- The Washington Times - Friday, May 30, 2014

Former New York Mayor Michael Bloomberg, who now presses for nationwide gun control via his Mayors Against Illegal Guns group, took to the commencement podium at Harvard University’s graduation ceremonies to issue some scathing criticism about the politics of academia, circa 2014: The atmosphere is way too liberally charged, he said.

“In the 1950s, the right wing was attempting to repress left-wing ideas,” Mr. Bloomberg said, Reuters reported. “Today, on many college campuses, it is liberals trying to repress conservative ideas even as conservative faculty members are at risk of becoming an endangered species.”

He chided educators to return to the real reasons for a university education — to “teach students how to think,” he said.

“A university’s obligation is not to teach students what to think, but … how to think,” Mr. Bloomberg said, Reuters reported. “That requires listening to the other side, weighing arguments without prejudice.”
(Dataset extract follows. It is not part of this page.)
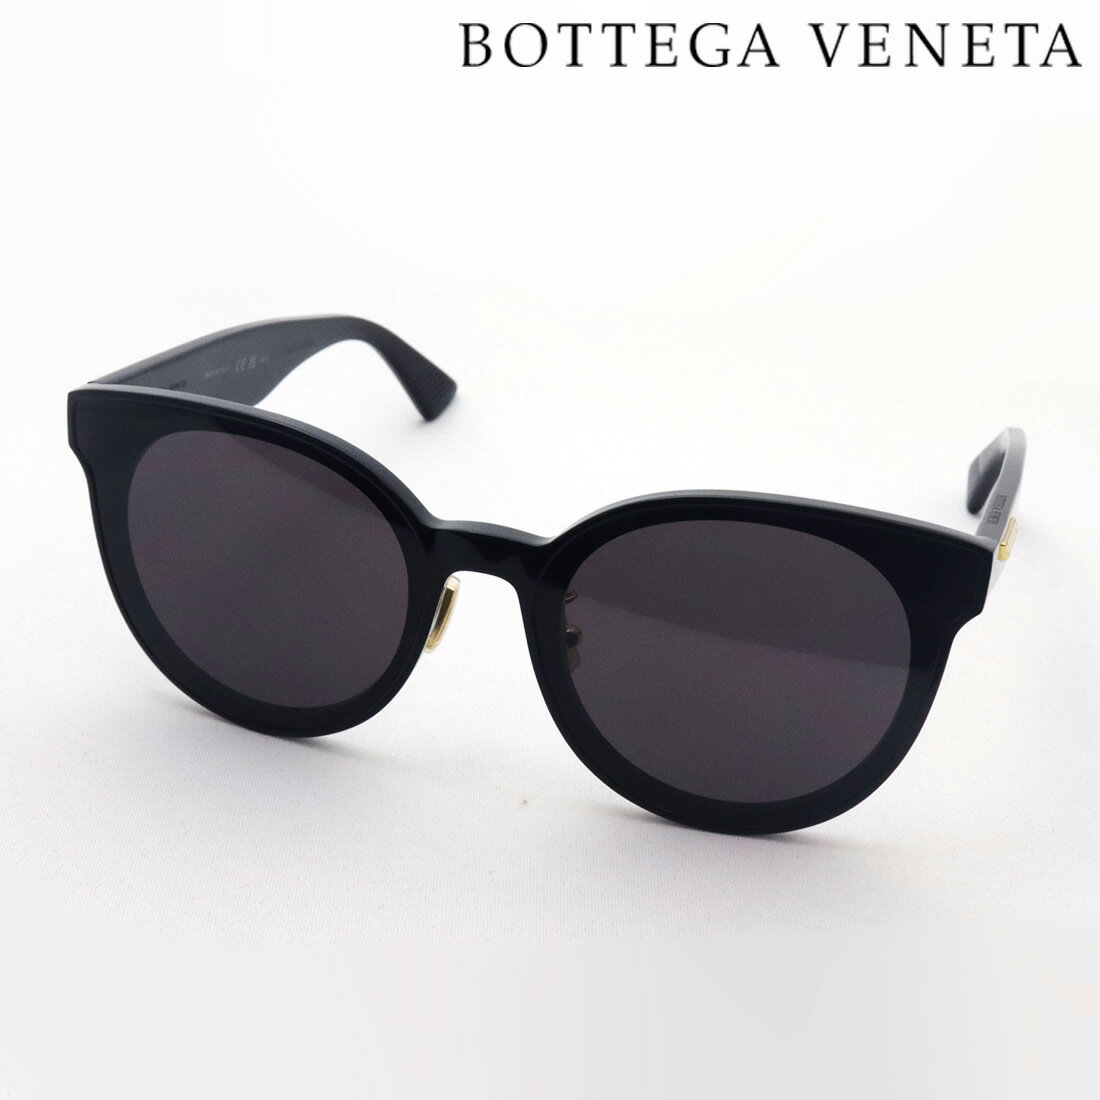 ボッテガ・ヴェネタ サングラス メンズ 【ボッテガ ヴェネタ サングラス 正規販売店】BOTTEGA VENETA BV0304SK 001 NEW CLASICC ボッテガヴェネタ Made In Italy レディース メンズ ボストン ブラック系

He also pointed to the 2012 election cycle as proof of his point about liberal bias, reminding that reports have shown that 96 percent of political contributions from Ivy League staff and faculty went to support then-candidate Barack Obama, not former Massachusetts Gov. Mitt Romney.

Mr. Bloomberg, a Democrat-turned-Republican, switched political affiliations yet again — to independent — after he became the mayor of New York. He’s perhaps most famous for launching a concerted nationwide lobby effort to curb Second Amendment freedoms, via his multimillion Mayors Against Illegal Guns.